By this time, I’m in full game avatar. Ruby has escaped and is on on the train, on her way back home. I am feeling victorious with an underlying layer of guilt that acknowledges that real life rarely pans out like this and girls like Ruby may never find heroes like Shakti. The shame that women often face is explored when Ruby tries to kill herself at the thought of meeting her parents but is once again saved by Shakti. The game concludes after some more hair-raising moments – Ruby pushing Shonty off the train, but I am far from satisfied. I hardly feel empathetic; the game has become perfunctory. I’m more frustrated that at the end of the game, I remember Shakti as a saviour more than I remember Ruby as a fighter – in the last scene he stops her from committing suicide.

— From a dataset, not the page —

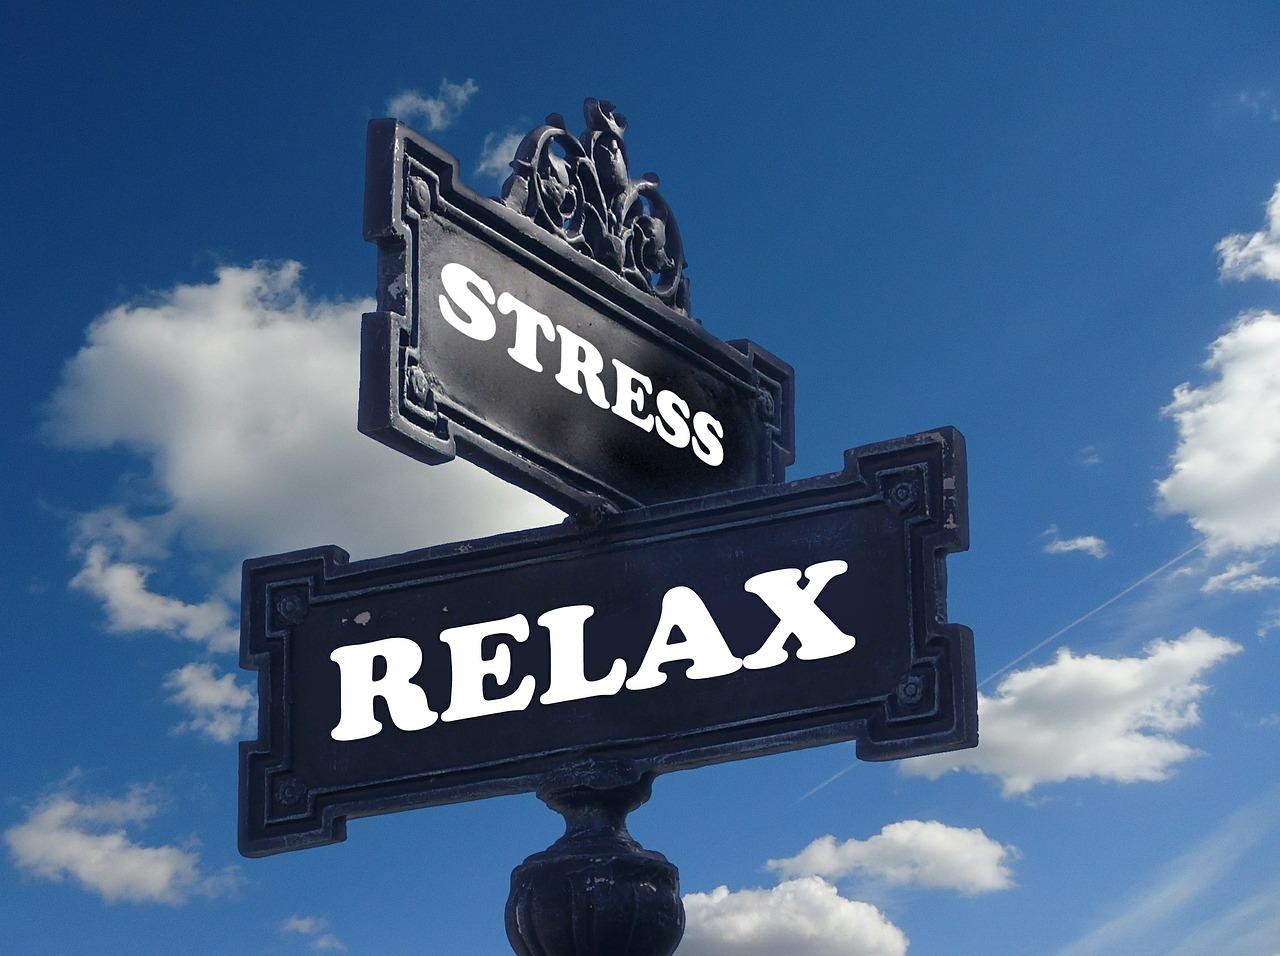 Comment parler en public sans stress grâce au langage non verbal

Augmented reality gaming rarely escapes the tropes of cinema in trying to entertain even as it tries to educate. Even Depression Quest hints at a happy ending, a world where adequate therapy and medication will vanquish the enemy. In the world of entertainment, the troubled patient will find peace and the victim will find freedom, and you will emerge virtuous for having participated in their struggle and release.
If only this is how it worked in the real world.